Can probably answer your 'Easy' question - Collections are retained by DOpus between sessions, so unless you run Find Duplicate files again you should find it is still there even after shutting down.

Also if you navigate to the DOpus program folder you should have a sub folder called collections - you could create a backup file of the Duplicate Files.col file.

Third alternative is to actually create a new Collection (Call ir whatever you want) and then re-run the Duplicate Files routine but change the 'Show Results In' field to your newly created Collection.

Hope that helps (sorry not sure about your other issue).

Cheers

Phat

Re. Your second issue - had a look at it , but can't replicate it. DOpus only searches for duplicates in the Folders I specify, it doesn't search the parent directories.

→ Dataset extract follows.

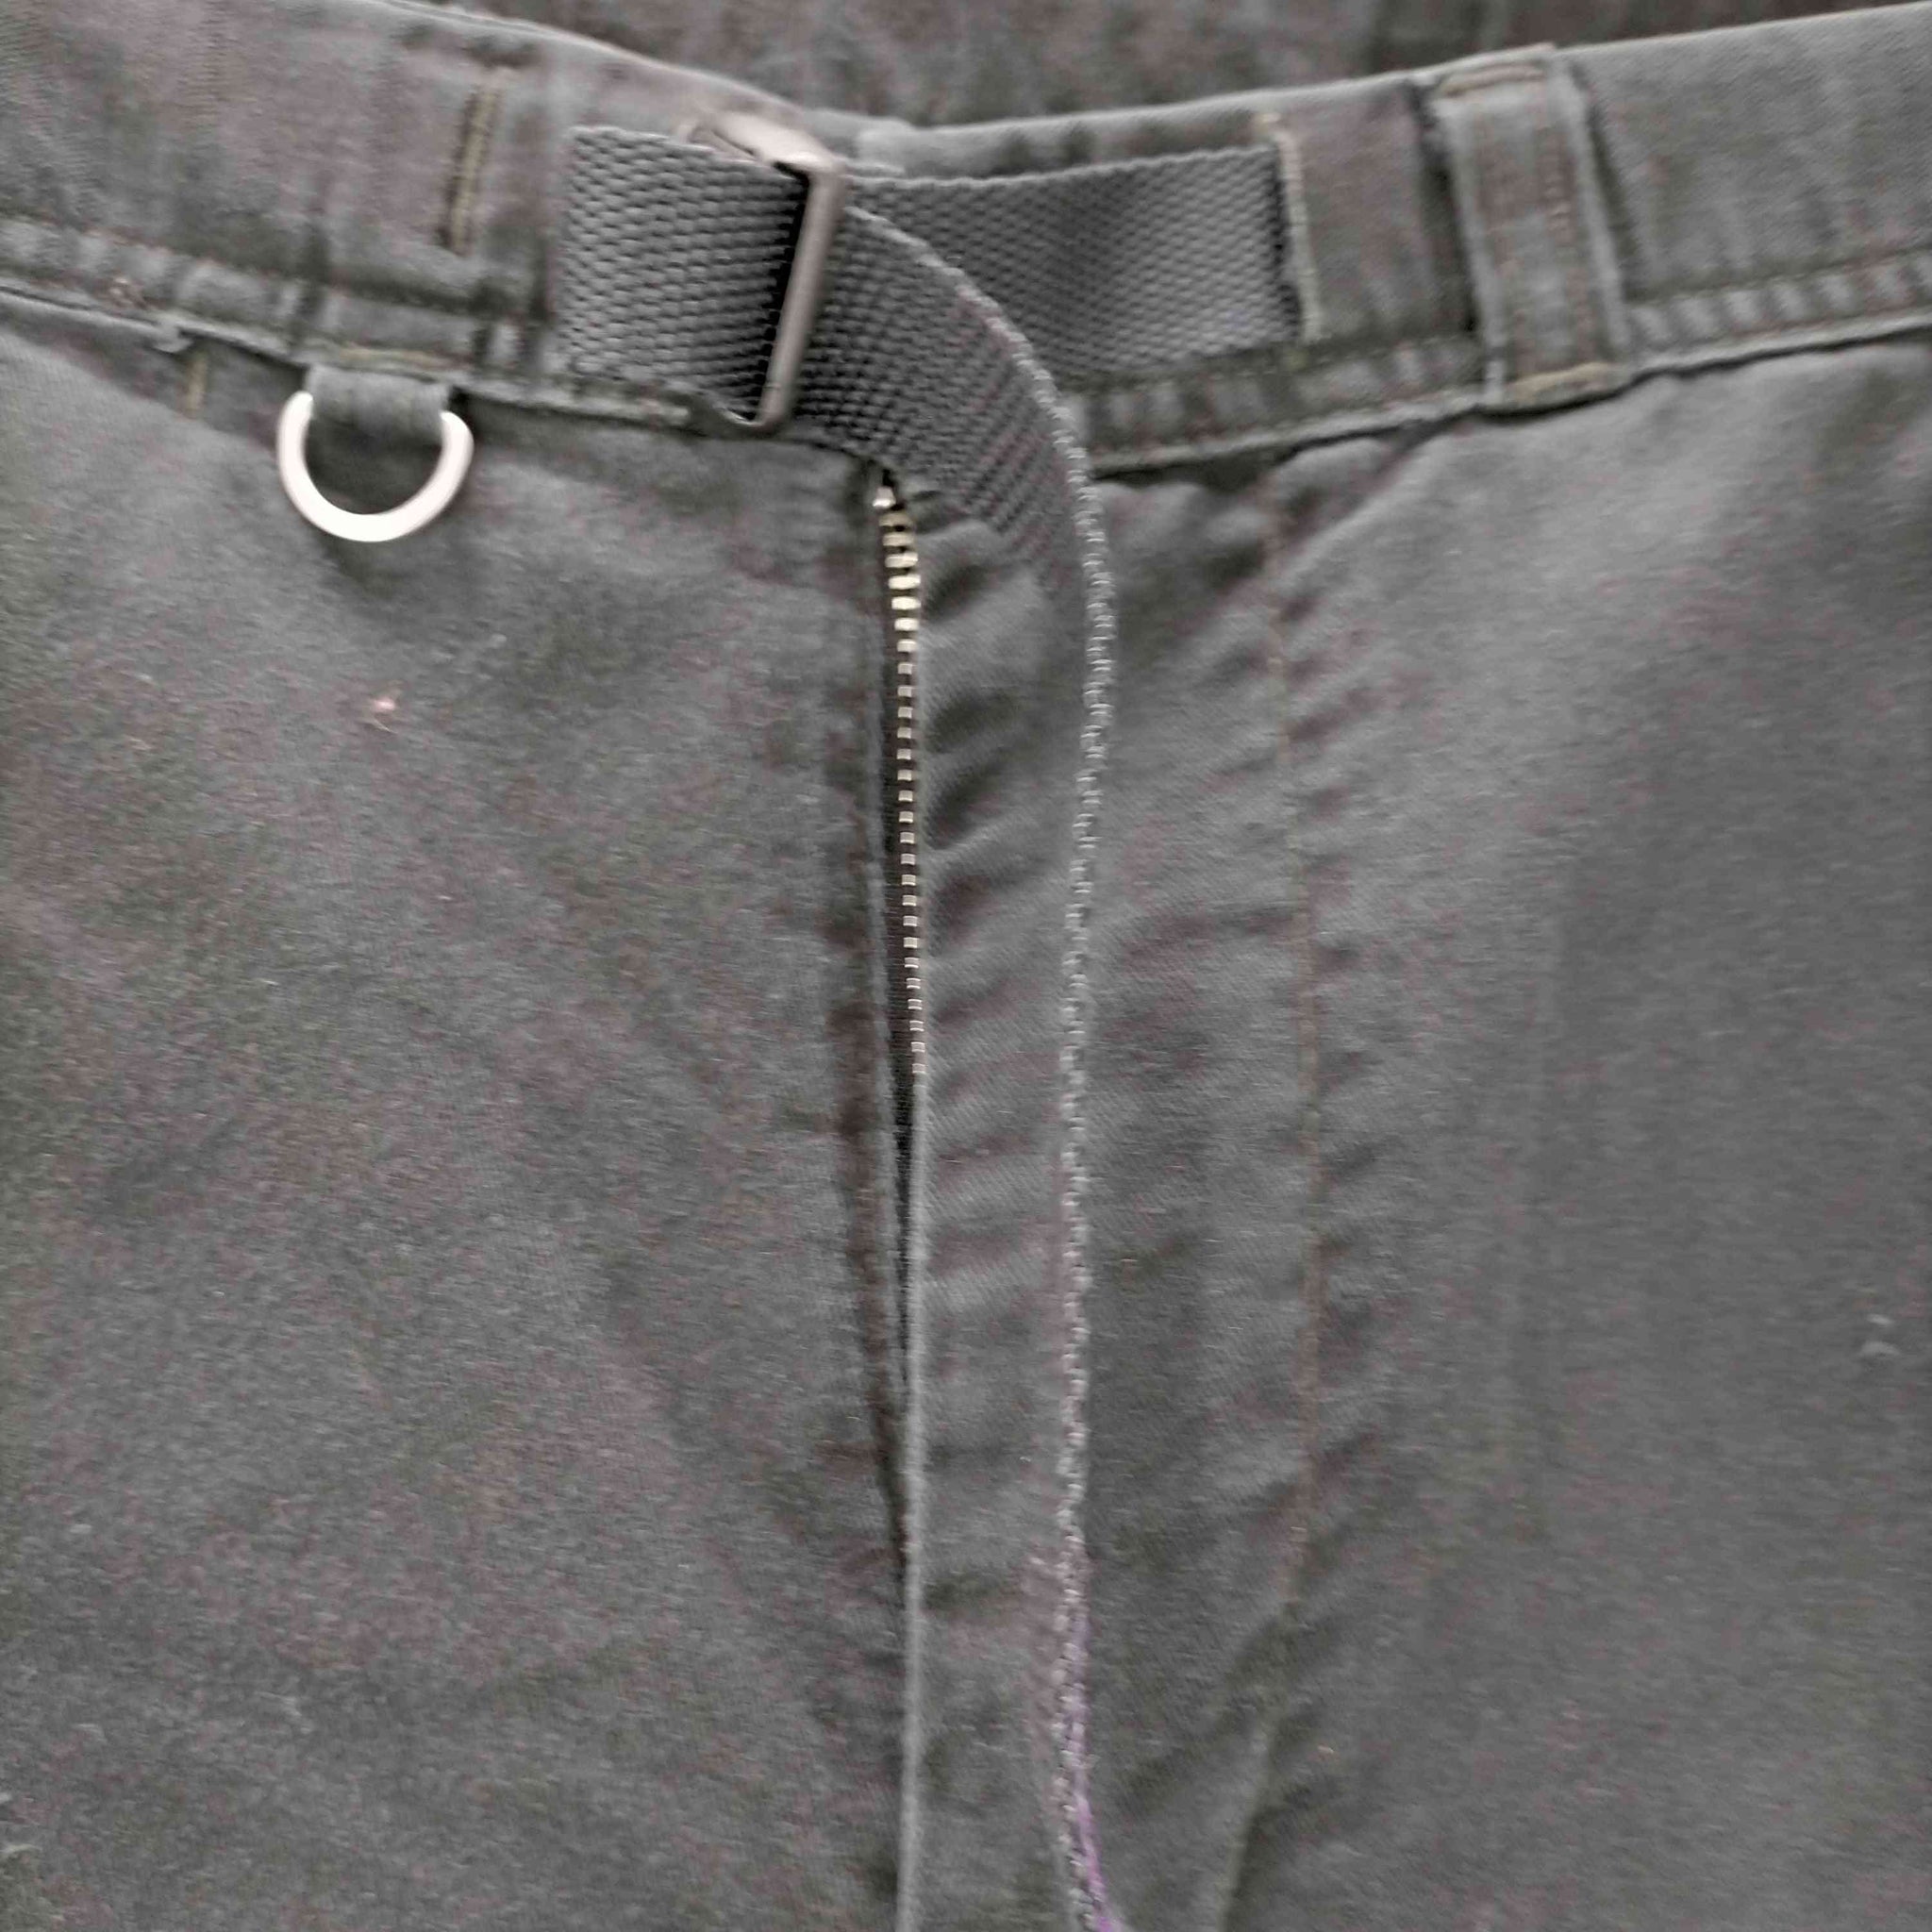 THE NORTH FACE PURPLE LABEL(ノースフェイスパープルレーベル)COOLMAX Stretch Twill Tapered Pants ストレッチ ツイル テーパード クライミング パンツ

What OS are you using ? My testing was on XP only. It is possible that with Vista, DOpus may be following Hard links or Junctions (but I'm no expert).

Did also try creating shortcuts to the parent directory in the Folders being searched, but DOpus ignored these.

Can I just confirm you have 'Clear Previous Results' ticked.

Sorry mate, not much help.

[quote="phatman"]Also if you navigate to the DOpus program folder you should have a sub folder called collections - you could create a backup file of the Duplicate Files.col file.

<--snip-->

Hope that helps (sorry not sure about your other issue).[/quote]
Well, I found it under...

C:\Users\Zach\AppData\Roaming\GPSoftware\Directory Opus\Collections

(This under Vista (x64), so I suppose the location may change depending on what OS DOpus is being used on.)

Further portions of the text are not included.